Monday, July 26, 2010

The Patience of Moses: Exodus 24

In Exodus 24, Moses is called up the mountain to meet with God, and to receive the Ten Commandments from God's hand.  Together with seventy elders from Israel, he "sees God" and does not die, remarkably.  They ate and drank in God's presence.  Then, Moses makes arrangements for governance in his absence (v. 15), and goes up the mountain to meet with God.  A cloud covers the mountain for six days, and it is only on the seventh day that God calls for Moses.
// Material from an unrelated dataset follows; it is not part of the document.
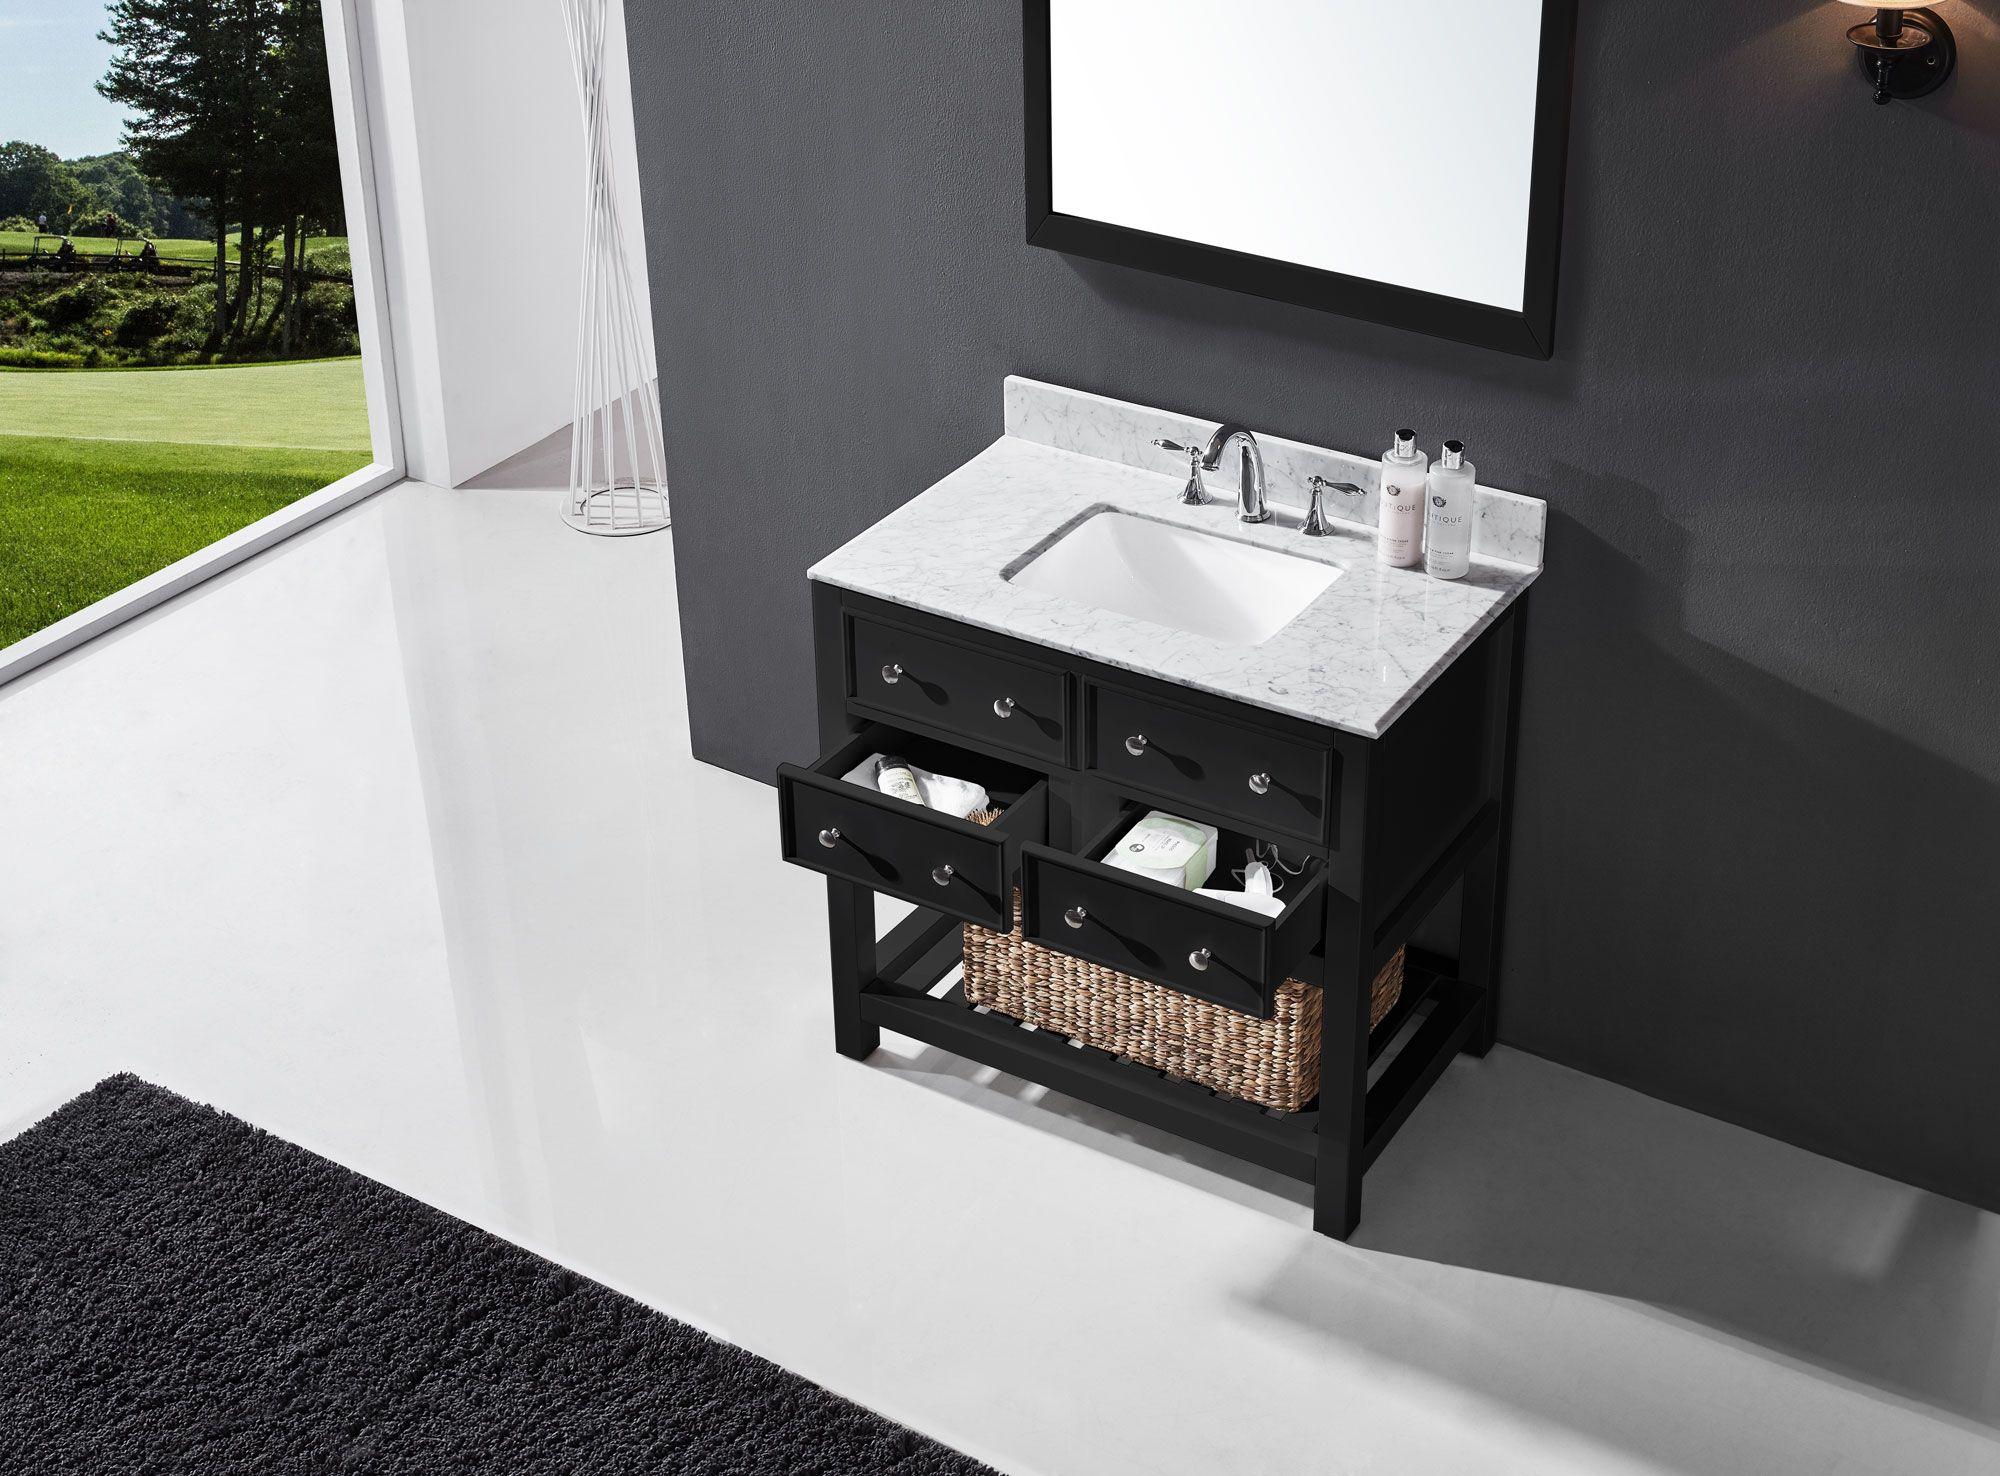 Exclusive Heritage Elodie 36 Single Sink Bathroom Vanity In Espresso With White Carrara Marble Top Bas Single Sink Bathroom Vanity Bathroom Vanity Mirror Set

He waits upon the mountain for six days.

I have read this account many times over my lifetime, but only today was I struck by the patience of Moses, and how foreign his experience is to my own.  Consider it in your imagination: You are the chief judge and governor for a huge multitude of people traveling through a wilderness, and you have made some arrangements for judicial coverage in your absence, and you have been called into the presence of God upon a mountain in the middle of a wilderness.  You live a couple thousand years BC, so no iPhones, no white-gasoline Whisperlite stoves, no nylon tents, no communication of any kind with persons out of sight or shouting distance.  You have climbed a mountain, a strange mountain that you do not know.  It has become covered with a cloud, so you do not have a view, you do not see anything in the valley, the world has closed around you, you are completely isolated.  You wait, for hours, and nothing happens, no call from God.  You relieve yourself, you make a fire perhaps and prepare some food.  Still nothing.  Night approaches.  You have to make some sort of shelter, you wonder what else is up there with you on this mountain.  Where is God?  What is the point of this past day?  What is going on in the camp below?  Did you misunderstand God?  Did he want you to come up higher?  Did you do something wrong?  Did you leave something out?  Really, what is the point of this? What are you thinking to yourself as hour after hour of waiting in this fog creeps by?  You make some sort of shelter, you fall asleep, and you awake the next morning to more fog.  You have to prepare, maybe find food.  How much food did you bring?  How long did you expect to be up here?  Another whole day goes by, and no call from God.  No change.  Nothing.  Minute by minute, hour by hour time passes, and nothing happens.  The end of another day approaches.  This happens for six consecutive days.  Yet Moses waits.

I cannot identify, I cannot conceive of doing this.  Six days with no word from God, isolated on a mountain in a cloud.  I would have second-guessed myself any number of times by the end of the first day.  I must have misunderstood, I must have gotten something wrong, surely.  God would not waste my time like this.  What is going on in the camp without me? (a legitimate concern, because Moses' absence does, in fact, lead to the camp taking matters into their own hands and creating the golden calf.)  What kind of faith, what view of time and life allows a man to stay on a mountaintop, waiting, for six solid days?  Is it patience?  Is it humility?  Was the culture that incredibly different from today?  I wish I understood this.  I wish I were the kind of man that could content himself with waiting in the dark, with nothing at all happening, for even one day, without busying myself and making excuses for why I am not waiting upon God, why I cannot wait upon God but must busy myself in the meantime.  I cannot comprehend doing absolutely nothing but what is necessary to stay alive, and waiting upon God for an entire week.  What was Moses thinking?  Really, what was going on in his mind?  I think I need to understand this. How did he occupy his mind, what were his conversations with himself, as he waited upon God?  What did he see in his mind's eye?